Designing an AI-assisted review workspace for high-stakes decisions at global scale.
Evidence-first AI-assisted review for high-stakes decisions.
Business context: Recorded exam review at scale creates a signal-to-noise problem. Reviewers can’t watch thousands of hours manually, and AI flags alone aren’t sufficient for decisions with real consequences.
What I led: I designed an evidence-first, triage-based workstation that ranks sessions by risk, surfaces contextual proof, and keeps human judgment firmly in the loop — a human-in-the-loop design pattern for agentic AI operating under high-stakes constraints.

AI flags without context increase risk and reviewer fatigue.
Moving from live proctoring to recorded review shifts the bottleneck: reviewers need to find brief infractions quickly, but raw AI flags can be noisy and can introduce automation bias if presented without supporting evidence.
Owned the review experience and partnered with AI/ML and investigation teams.

High-stakes adjudication, auditability, and automation-bias risk.
Triage first, evidence always, and structured decisions.
I structured the workflow around triage-helping reviewers spend attention where it matters most-then built an evidence model that makes each flag inspectable and comparable. The UI supports fast review without turning the human into a rubber stamp.

Design for adjudication: proof packaging and confidence handoffs.

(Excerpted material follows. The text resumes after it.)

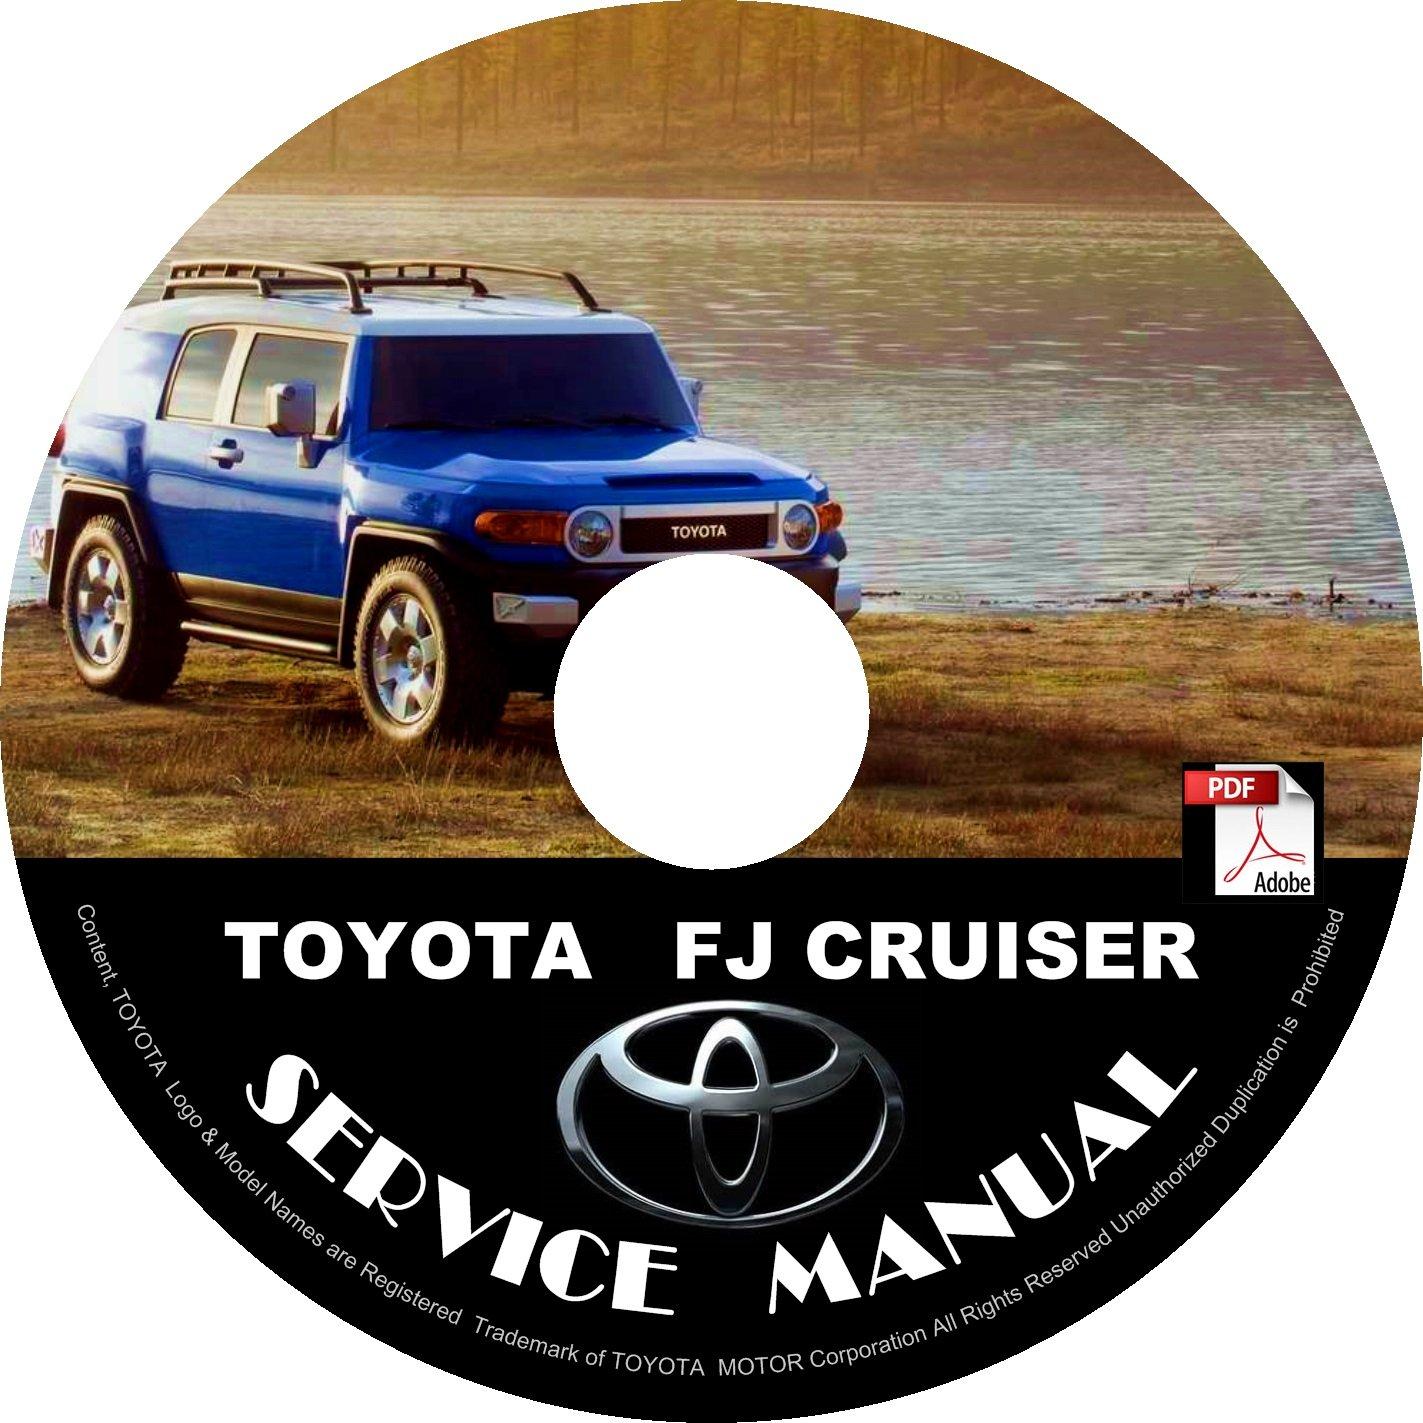 2007 Toyota FJ Cruiser Factory Service Repair Shop Manual on CD Fix Repair Rebuilt 07 Workshop

Higher throughput with stronger agreement and clearer decisions.
The workstation improved review throughput versus live proctoring while supporting consistent decisions and strong agreement between reviewers and investigators.
See the Outcomes panel for the throughput and agreement metrics tracked.
In agentic AI systems, the design contract is explainability — not the model.
The senior design work is making complex signals usable and fair: clear evidence, defensible decisions, and a workflow that respects human judgment.